Now I'm not much of an early adopter. In fact, I'm really much more of a time biding trailing lurker. When I finally jump in and get busy, it's more than likely the project is on life support with one foot in the grave. But mozzwald made a point of suggesting, more than once, that I could probably pinch in and help test some of the new bleeding edge stuff. Eventually I got the message.
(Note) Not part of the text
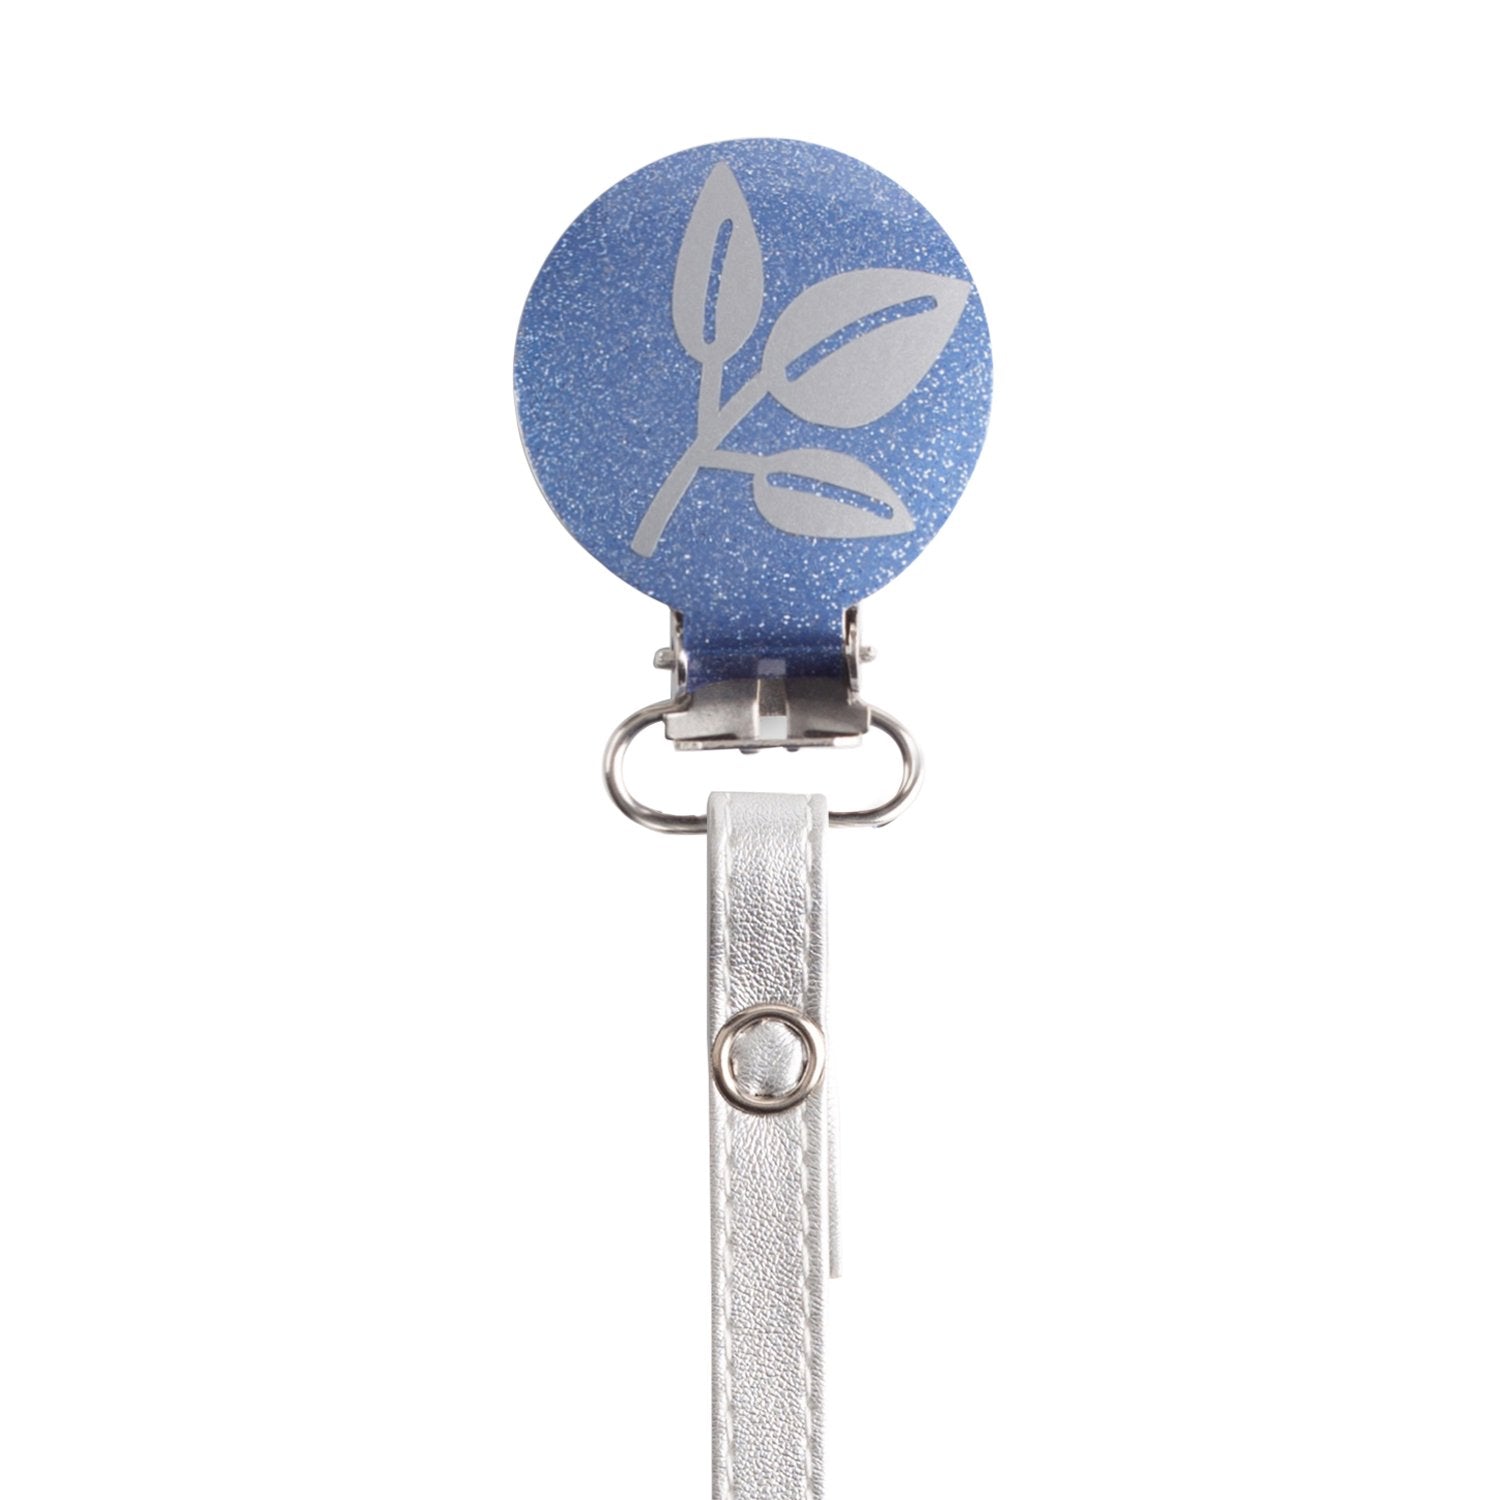 Classy Paci Sparkle blue with silver grey leaf Pacifier Clip GIFT SET FW21-22

One feature of the new kernel is improved handling of the sd cards. We've had some trouble in the past on the zipit with corrupted sd cards. Many cards would give errors reading, writing, or both. The problem didn't seem too bad way back in the olden days with the stock zipit software, and that's one of the reasons I've stuck with the iz2s distribution. It's one giant kludge on top of another, but it does most of what I want from the zipit and doesn't munge the sd card.
Now over the years I've built up a collection of assorted size sd cards loaded up with various flavors of the different zipit distributions. I have some trouble keeping track of what's on all the sd cards because you can't attach a large label sticker to the teensy bits of plastic like you could with the sizable floppy disks of days gone by. So I try to keep them in their little plastic enclosures along with a small scrap of paper suggesting what might actually be on them. It's not a good system, things occasionally get into the wrong enclosure with the wrong scrap of paper, but it's all me.
Anyhow, a few of the sd enclosures have paper scraps that say things like "reads on zipit, but writes fail". So I cracked open one of those, loaded it up with mozzwalds bleeding edge openwrt distribution, and stuck it in an unsuspecting zipit. It booted up nice and pretty in a somewhat minimalist gmenu2x setup. So I wrote a few test files in the nano text editor, saved them and rebooted. As expected, the test files were gone and the sd was corrupted. Fortunately mozzwald fitted the bleeding edge openwrt with an alternate "sdfix" uboot script that starts the new kernel up with the new slower, but safer, sd card setting. I made the switch, rebooted the zipit and tried again.
mv /boot/uboot.script /boot/uboot.script.bak
cp /boot/uboot.script.sdfix /boot/uboot.script
This time it was good. My test files survived several reboots. It also remembered my wifi settings and kept a few updated packages I installed. Nice!
It's minimal and rough around the edges, but it sure is shiny.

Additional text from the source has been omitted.